Miijidaa goes above and beyond to integrate sustainability into everything they do, including their local dishes, exceptional treatment of their staff, giving back to the community through ongoing partnerships, and acting as stewards of their Ojibwe name.
SDG 12: Responsible consumption and production:
Creating dishes that use local ingredients and reduce food waste, ex: roasted beef bone marrow is currently on special, which encourages use of the entire animal from a local source.
In obtaining their B-Corp certification, the restaurant weighed and analyzed their compost to determine that condiments were commonly wasted, then sought out a solution: Asking customers if they would like condiments when taking orders, and individually portioning out condiments in reusable ramekins to limit waste. “That’s not just a little bit of ketchup . . . some farmer had to plant that seed, grow that tomato, pluck that tomato, then it had to get processed into the ketchup . . There’s a whole giant footprint”.
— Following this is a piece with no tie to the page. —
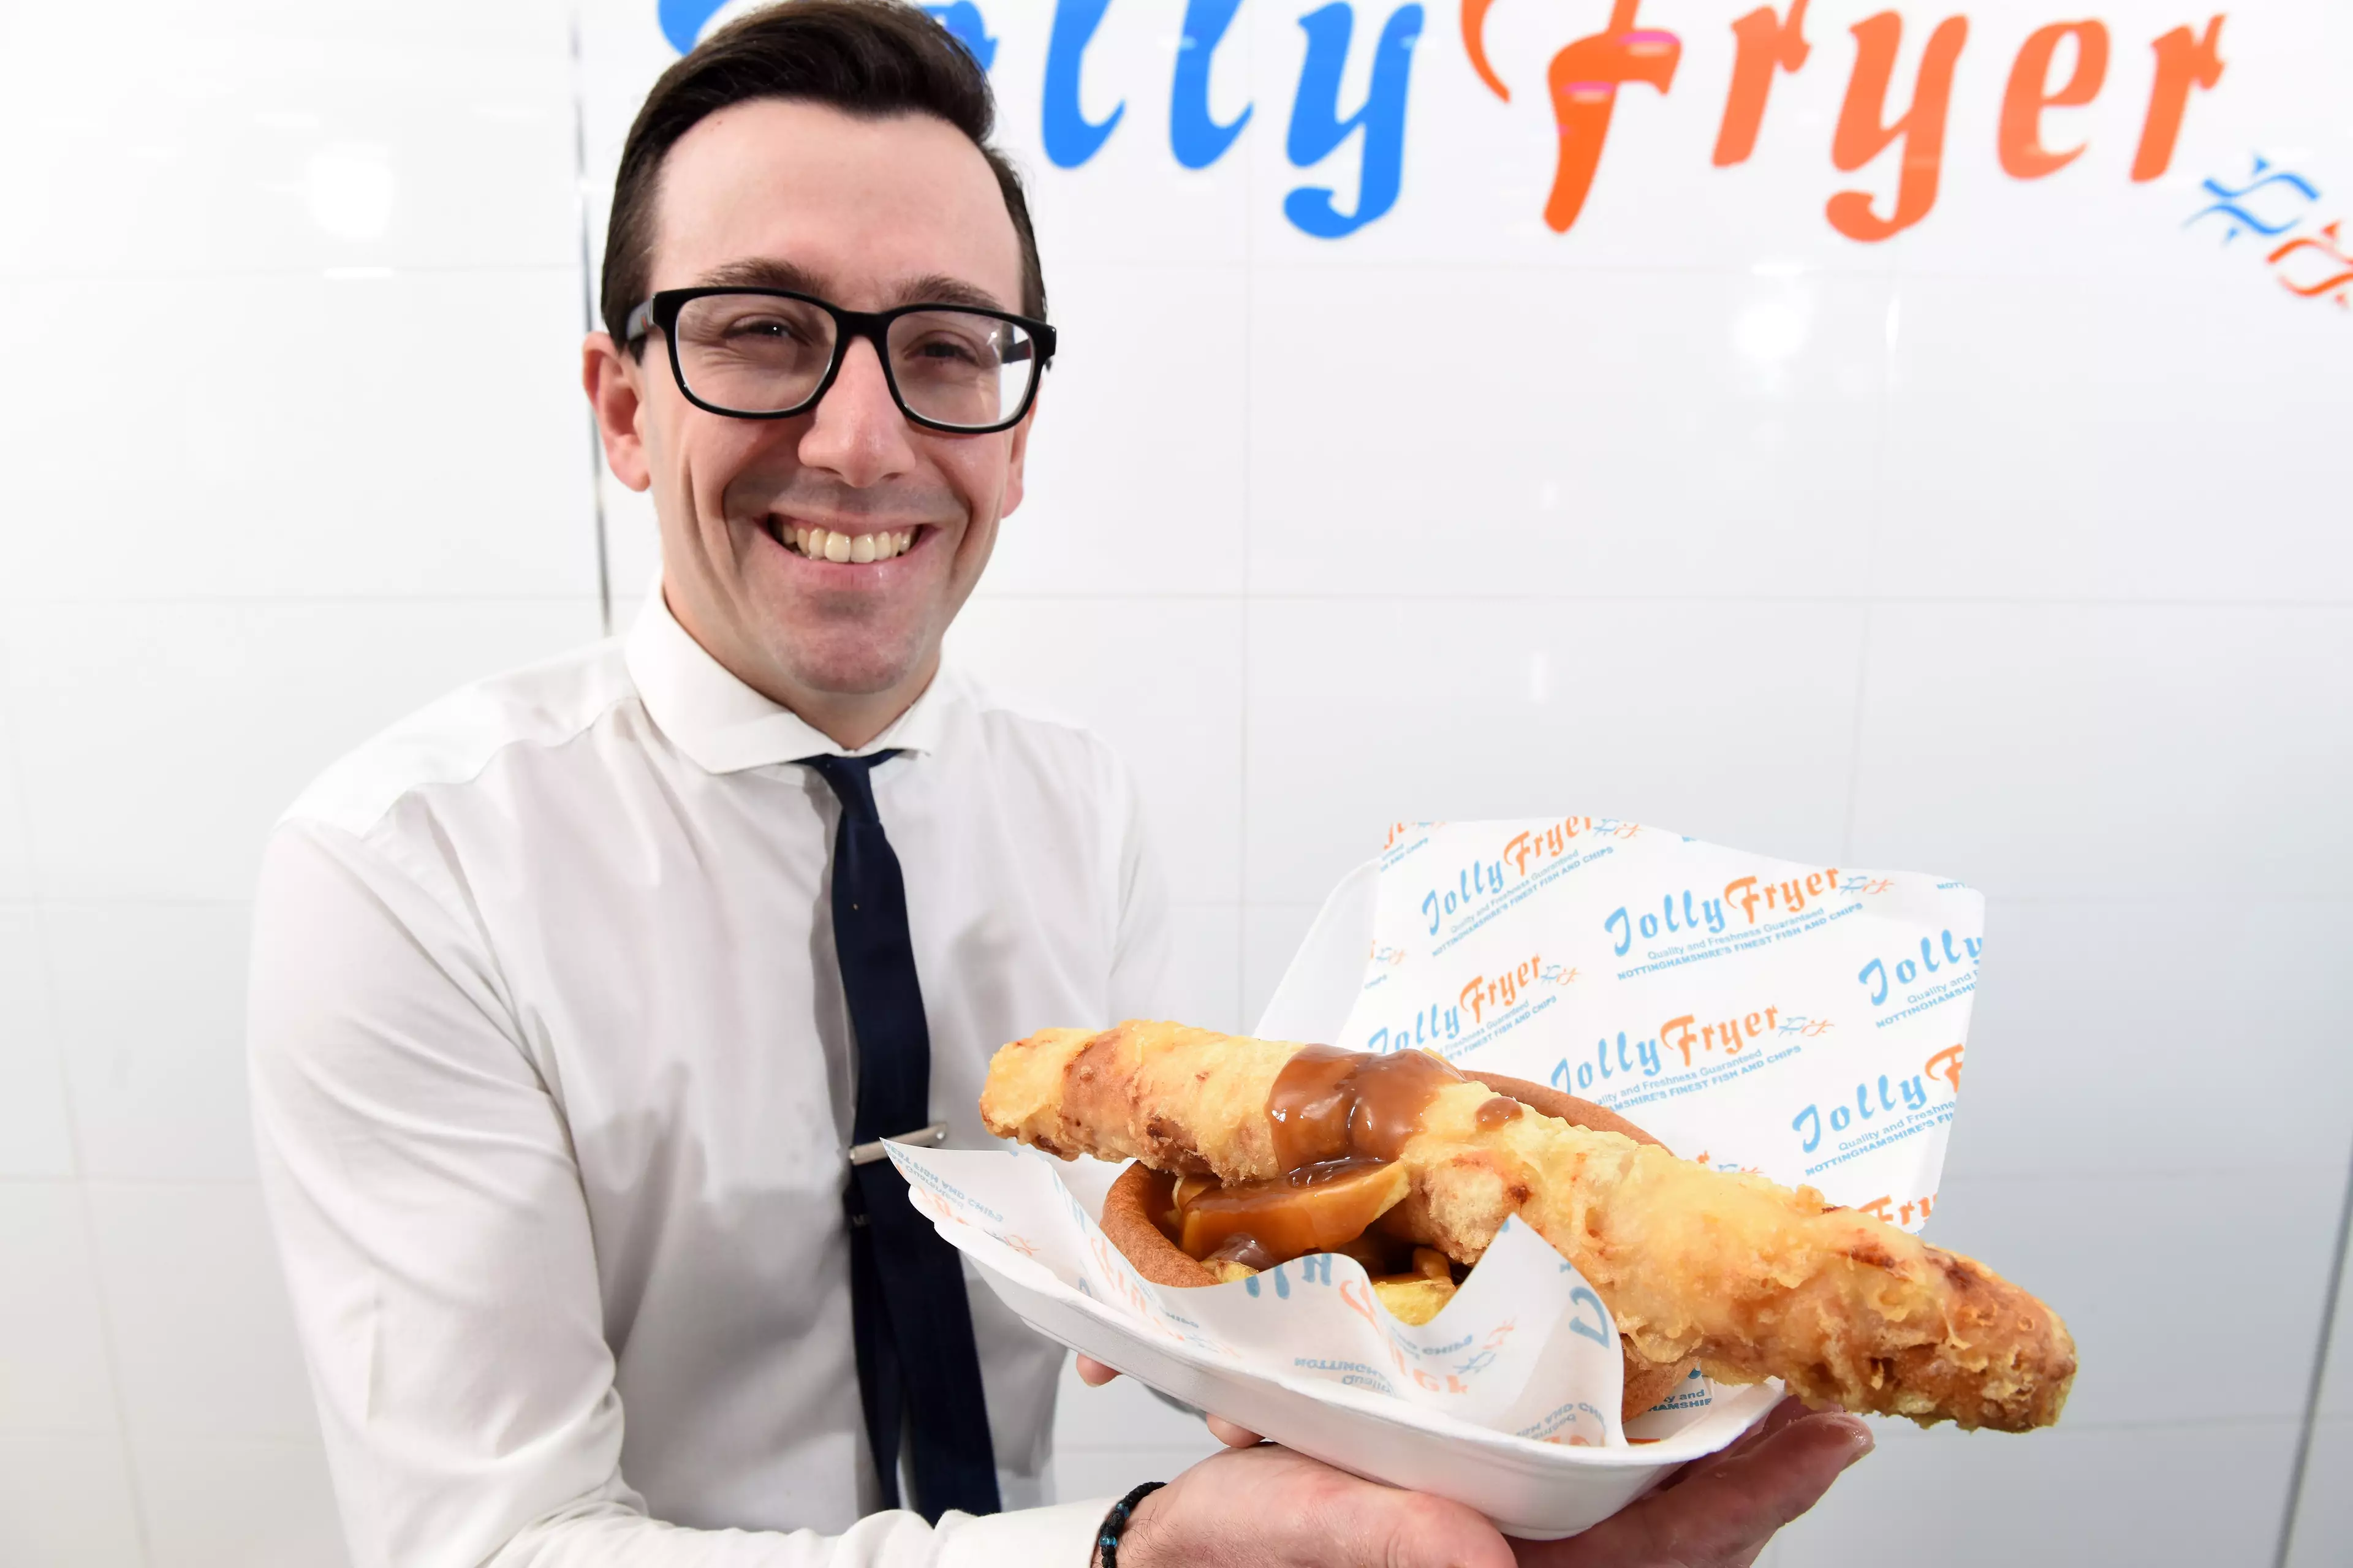 You'll have to visit this Nottinghamshire chip shop, who launched a foot long, deep friend pig in blanket (
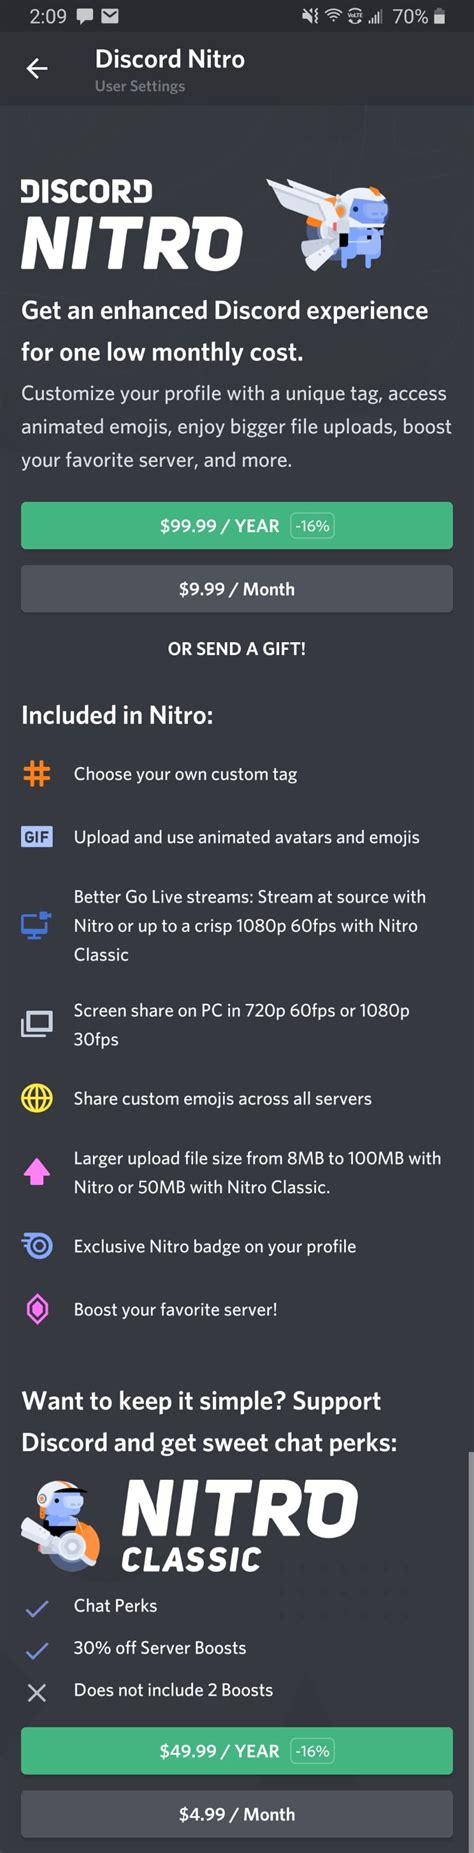 Did They Remove The Nitro Classic Features And Make Them Nitro

SDG 3: Good health and wellbeing
The restaurant also understands that sustainability includes sustainable jobs and working conditions for their staff. As Katie explains, “Fundamentally, if you’re burning everyone out on your team, that’s not sustainable”. The management is more than willing to support their employees’ mental health when it comes to assigning shifts and consistently accommodating time off for family and friend gatherings. They also offer health benefits to their full-time employees, which is rare in the restaurant industry, to support health ongoingly.
The owners of the Neighbourhood Group (NGC) of restaurants, which includes Miijidaa, have always sought out local in everything they do. “The inspiration for Miijidaa kind of came out of their love of everything local”. One of the overarching goals for Miijidaa was its B-Corp certification, and being a steward of tis Ojibway name. Katie explains that the owners “Select[ed] that word [Miijidaa] as a way of honouring the original ancestors of this land”.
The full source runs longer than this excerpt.